On this day in 1956, sixty-four years ago, the heavens hosted a horrendous catastrophe. At 11:29 or 11:30 a.m., Mountain Standard Time, (1;30 p.m. Central Daylight Saving Time), two of the largest airliners of their day collided in midair over the far eastern end of the Grand Canyon. Both planes were so seriously damaged that they fell from the sky, one with nothing to hold it up in the air, and the other in an irreversible descent. All 128 persons lost their lives.
At the time, it was by far the worst airline disaster that had ever occurred, anywhere in the world. And it remains immeasurable, despite accidents in more recent times with much greater loss of life. How could it not? Two things that are in estimably great cannot simply be said to be unequal, even if their scopes can be weighed. Its not that simple. Here in America we value life beyond all measure, and we would risk a hundred to save one. Where are we then saying that the hundred matter more than the one?

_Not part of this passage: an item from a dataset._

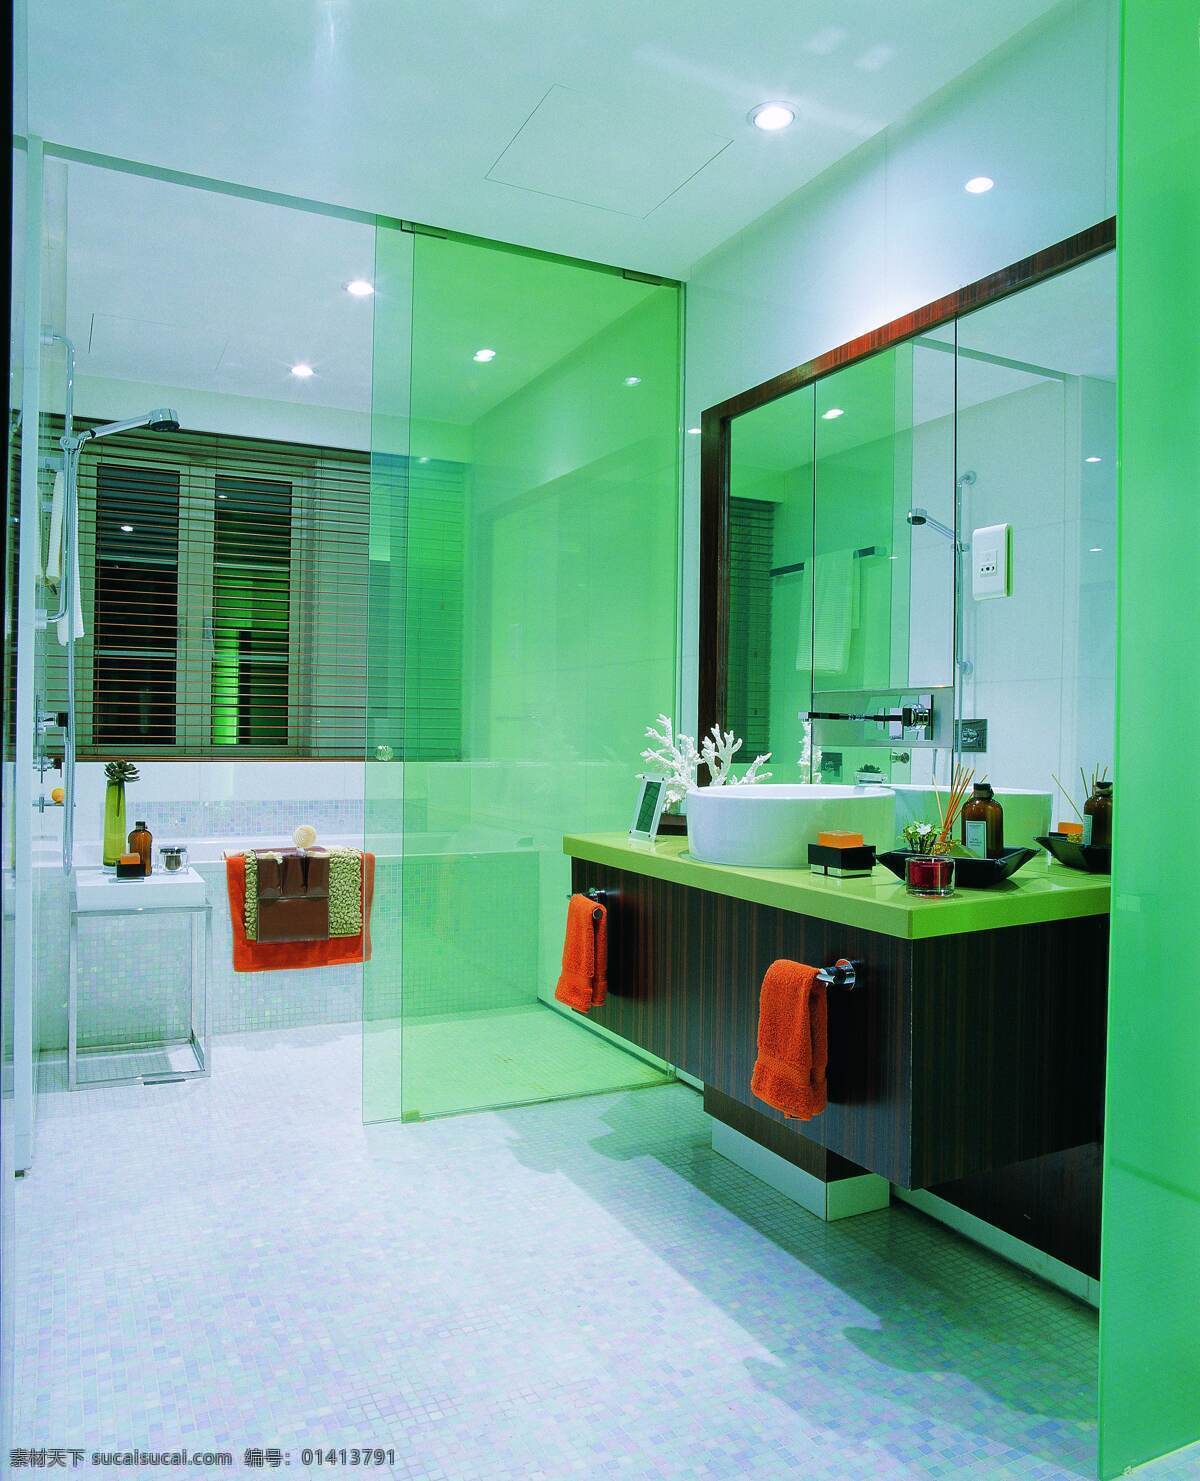 室内设计 百叶窗 建筑园林 镜子 室内摄影 卫生间 浴缸 洗手台 马赛克瓷砖 装饰素材 室内装饰用图

My uncle, Jack Groshans, was one of the victims. His portrait is in a modest shrine we put together. The cowbell that he rang and clattered ay his college's football games, wearing a full-length raccoon coat in the cold of the late fall, is there with him, with its long-since deteriorated leather handle missing.
I have to wonder where all those souls have gone. I picture them having left the worldly realm and I also picture them out in Grand Canyon where the planes crashed. I see no contradiction between these beliefs ~ the Spirit has no bounds, and is not confined to man's "rules," like that the soul could be in only one place at one time.